Characterful Speech Synthesis
From HLT@INESC-ID
Matthew Aylett |
![]() |
Addresses: www mail |
Date
- 15:00, Friday, September 10th, 2010
- Room 336
Speaker
- Matthew Aylett, CTO CereProc
Abstract
Speech synthesis is a key enabling technology for pervasive and mobile computing as well as a key requirement for accessability. Adding character to synthetic voices is a requirement for effective interaction and for devices that wish to present a coherant branded interface.
In this talk I will argue that current approaches to sythesis, and current commercial pressures, make it difficult for many systems to create characterful synthesis. We will present how CereProc's approach differs from the industry standard and how we have attempted to maintain and increase the characterfullness of CereVoice's output. (Online demo available at www.cereproc.com)

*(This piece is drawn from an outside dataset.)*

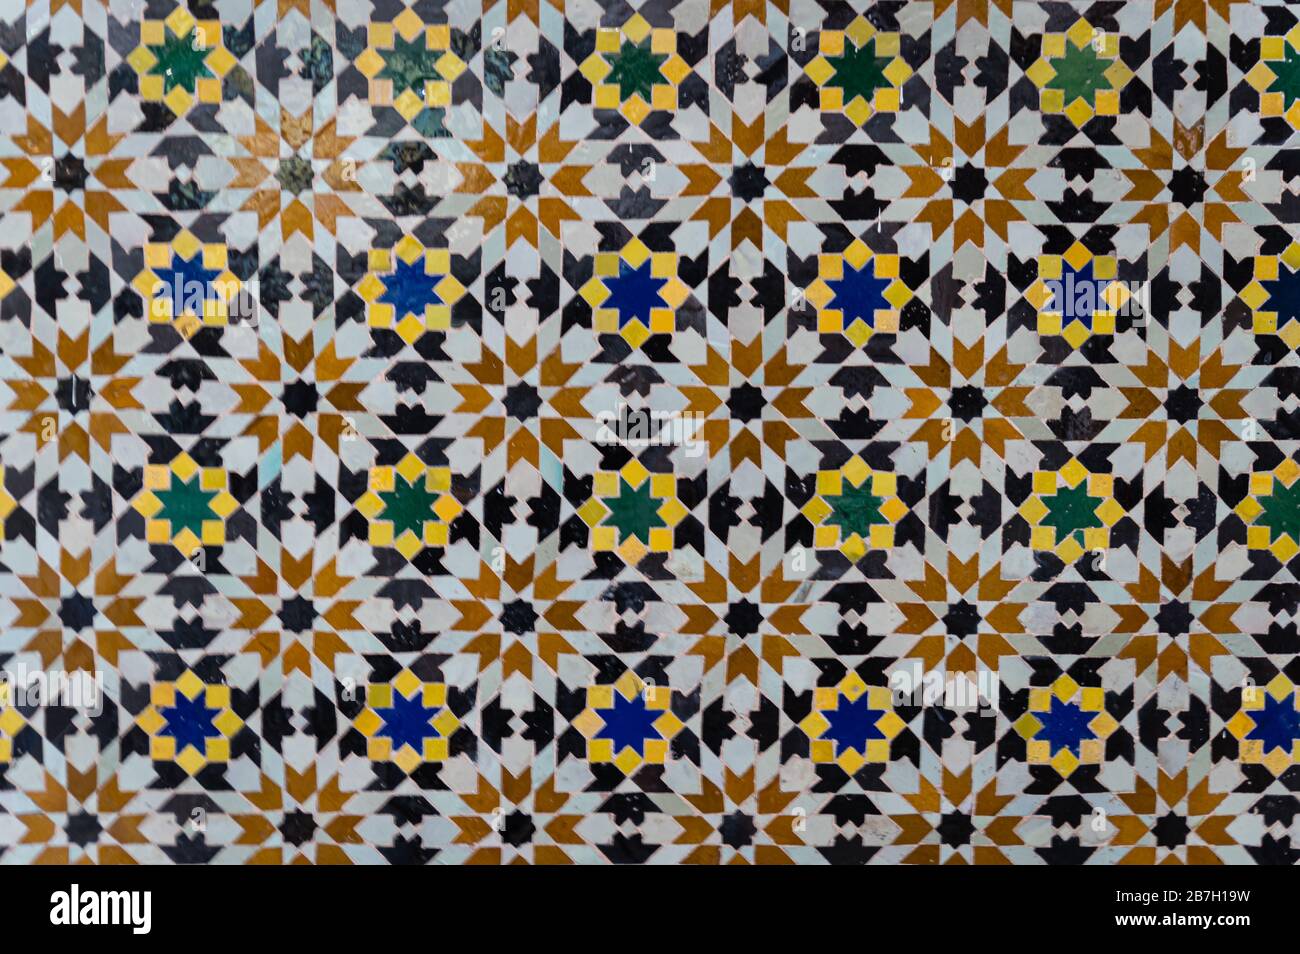 Dar el Bacha Museum of Confluences in Marrakesch. Marokko Stockfoto

We will outline the expressive synthesis markup that is supported by the system, how these are expressed in underlying digital signal processing and selection tags. Finally we will present the concept of second pass synthesis where cues can be manually tweaked to allow direct control of intonation style, and where synthesis can be seamlessly mixed with pre-recorded prompts to produce extremely natural output.
We will also demonstrate how we can use synthesis to 'clone' celebrity voices with a brief demonstration of voices copied from George W. Bush (e.g http://www.idyacy.com/cgi-bin/bushomatic.cgi)
Time permiting I will also demonstrate some experiments looking at hybrid approaches to parametric/unit selection synthesis.
Note: This seminar will be held in English.